[Trailin’! by Max Brand]@TWC D-Link bookTrailin’! CHAPTER XXVII 6/11
In appearance he was surely most innocuous, but Nash had spoken, and in such matters they were all willing to take his word with a childlike faith. So the meal went on, and the only sign, to the most experienced eye, was that the chairs were placed a little far back from the edge of the table, a most necessary condition when men may have to rise rapidly or get at their holsters for a quick draw. Calamity Ben bearing a mighty dish of bread pudding, passed directly behind the chair of the stranger.
The whole table watched with a sudden keenness, and they saw Bard turn, ever so slightly, just as Calamity passed behind the chair. "I say," he said, "may I have a bit of hot water to put in this coffee ?" "Sure," said Calamity, and went on, but the whole table knew that the stranger was on his guard.

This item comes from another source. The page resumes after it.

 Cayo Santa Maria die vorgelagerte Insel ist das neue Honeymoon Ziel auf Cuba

The mutual suspicion gave a tenseness to the atmosphere, as if it were charged with the electricity of a coming storm, a tingling waiting which made the men prone to become silent and then talk again in fitful outbursts.

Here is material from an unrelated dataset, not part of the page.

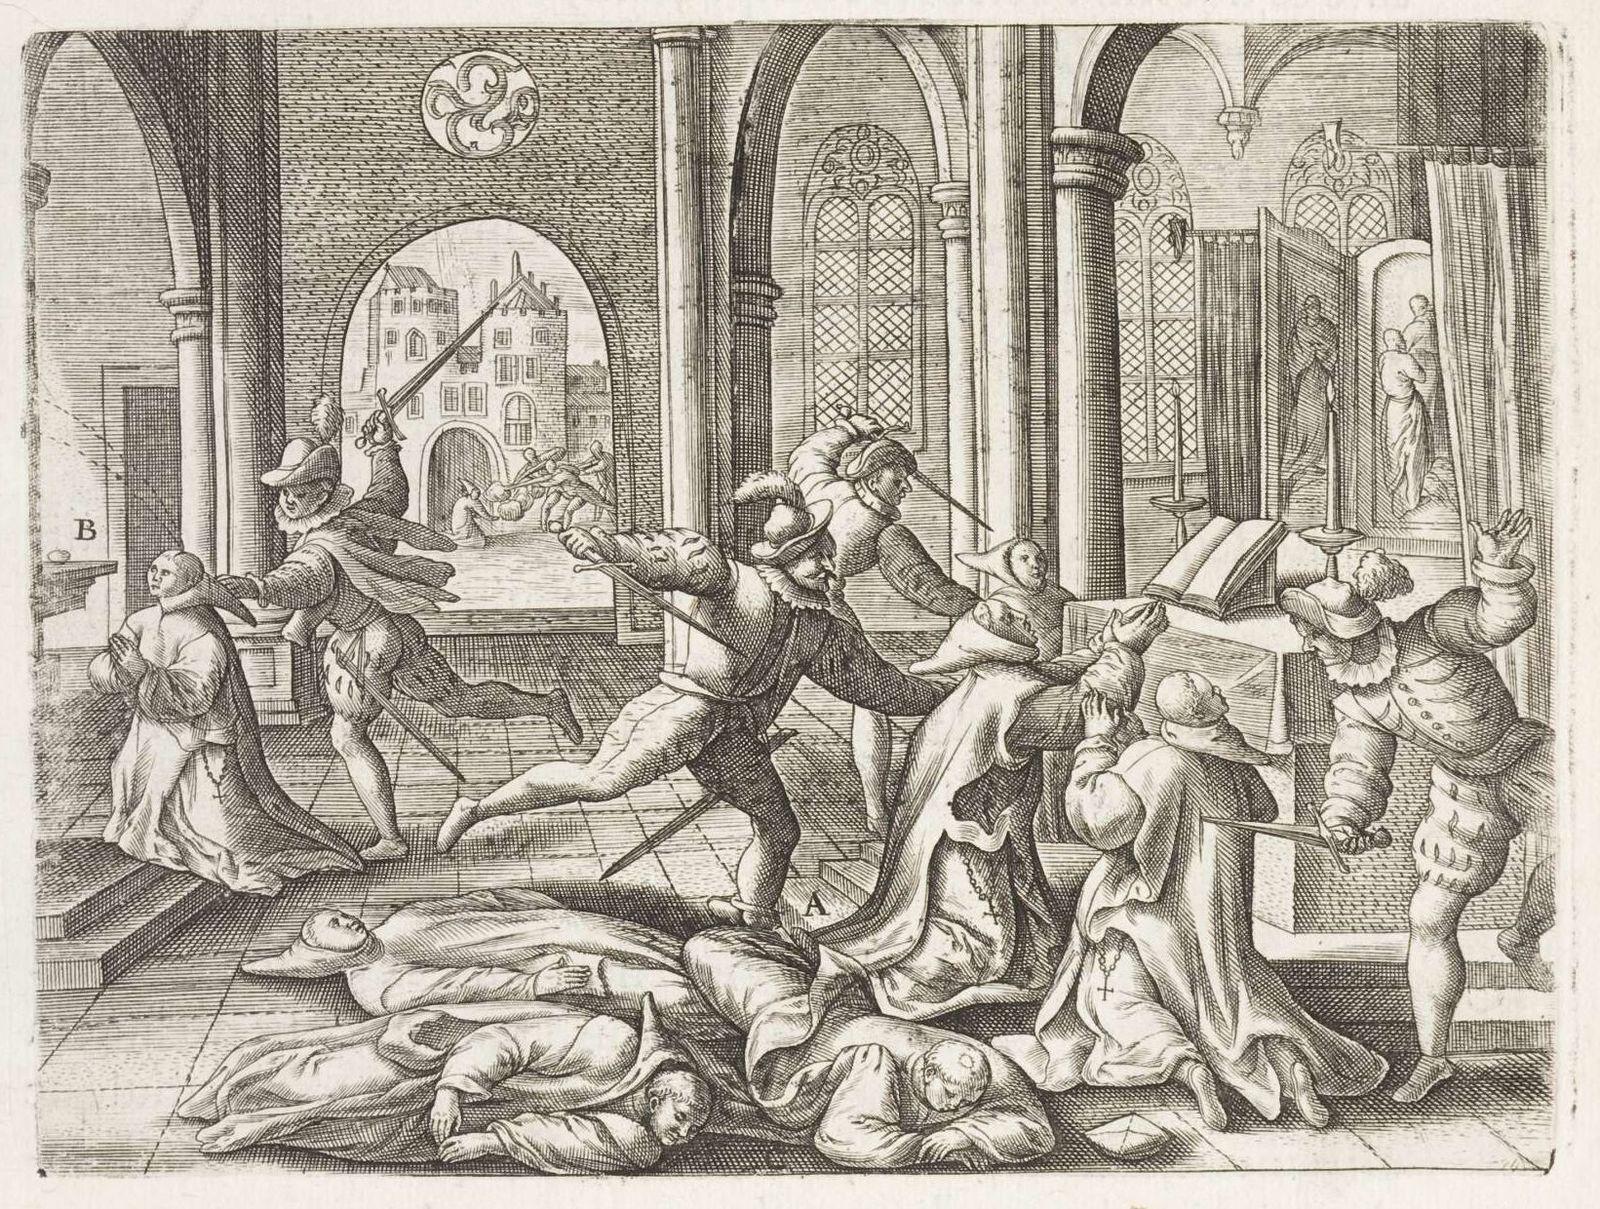 Сексуальное наказание в средние века #8

Or it might be said that it was like a glass full of precipitate which only waits for the injection of a single unusual substance before it settles to the bottom and leaves the remaining liquid clear.
It was for the unusual, then, that the entire assembly waited, feeling momentarily that it must be coming, for the strain could not endure. As for Bard, he stuck by his original apparent indifference.
For he still felt sure that the real William Drew was behind this elaborate deception and the thing for which he waited was some revelation of the hand of the master.